Katz Ran, Borkowski Tomasz, Hoznek Andras, Salomon Laurent, de la Taille Alexandre, Abbou Clement Claude
Department of Urology, CHU Henri Mondor, Cretéil, France.
Urology. 2003 Aug;62(2):310-3. doi: 10.1016/s0090-4295(03)00326-1.
To present our experience in the management of rectal injuries during laparoscopic radical prostatectomy.
All patients underwent bowel preparation and received perioperative antibiotics. If rectal injury was suspected, digital rectal examination was performed, aided by bubbling air into the rectum if required. When the diagnosis was confirmed, the hole was closed in two layers of absorbable sutures. A fat flap was developed from the omentum (in the transperitoneal approach) or the perirectal fat (in the extraperitoneal approach) and placed on the suture line. Anal dilation was performed. After surgery, broad-spectrum antibiotics and a low-residue diet were prescribed.
Of 300 patients who underwent surgery between May 1998 and June 2002, 6 (2%) had a rectal injury. The first patient had received neoadjuvant hormonal therapy. Five cases were in the transperitoneal approach and were closed using omental fat and 1 was in the extraperitoneal approach with a perirectal fat flap. The first patient presented with a rectourethral fistula and was treated with catheterization for 1 month and a diverting colostomy. The others were detected intraoperatively and were treated laparoscopically.

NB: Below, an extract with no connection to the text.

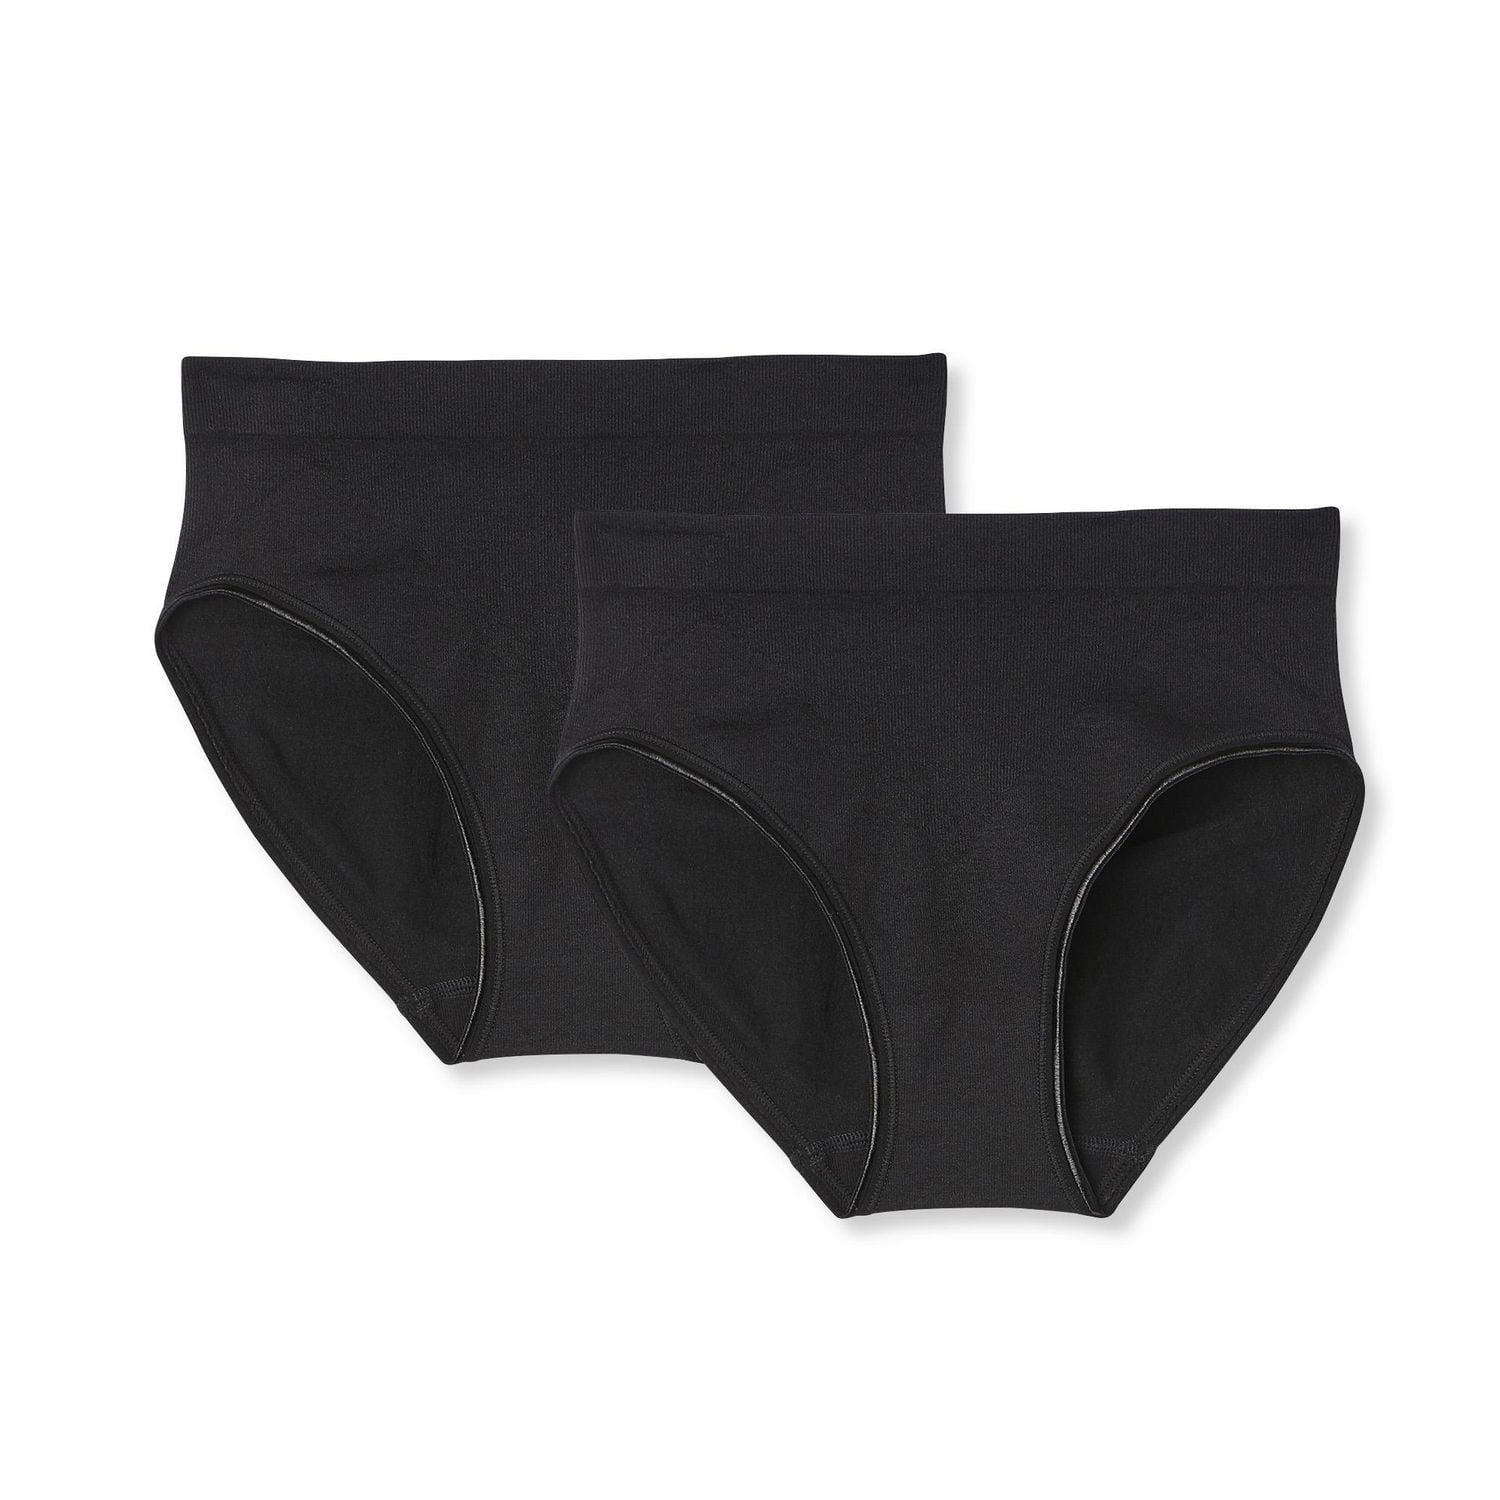 Buy Clever Travel Companion Women's Underwear with 2 Secret Zipper

In the second patient, a diverting colostomy was performed at the end of surgery using a separate incision. Patients resumed oral intake within 2 to 7 days and were discharged from the hospital between 6 and 18 days postoperatively. No wound infection was noted.
Rectal injuries during laparoscopic radical prostatectomy can be identified and managed intraoperatively without requiring conversion. Double-layered closure reinforced by a fat flap resulted in an uneventful recovery.
介绍我们在腹腔镜根治性前列腺切除术中处理直肠损伤的经验。
所有患者均接受肠道准备并在围手术期使用抗生素。若怀疑有直肠损伤,则进行直肠指检,必要时可向直肠内注入空气辅助检查。确诊后,用两层可吸收缝线缝合破口。从大网膜(经腹腔途径)或直肠周围脂肪(经腹膜外途径)制作脂肪瓣,并置于缝合线上。进行肛门扩张。术后,给予广谱抗生素及低渣饮食。
在1998年5月至2002年6月接受手术的300例患者中,有6例(2%)发生直肠损伤。首例患者接受了新辅助激素治疗。5例为经腹腔途径,用网膜脂肪进行缝合,1例为经腹膜外途径,采用直肠周围脂肪瓣。首例患者出现直肠尿道瘘,经1个月导尿及结肠造口转流治疗。其他患者在术中被发现,并接受了腹腔镜治疗。第二例患者在手术结束时通过另作切口进行了结肠造口转流。患者在术后2至7天恢复经口进食,术后6至18天出院。未发现伤口感染。
腹腔镜根治性前列腺切除术中的直肠损伤可在术中识别并处理,无需中转开腹。用脂肪瓣加强的双层缝合可使患者顺利康复。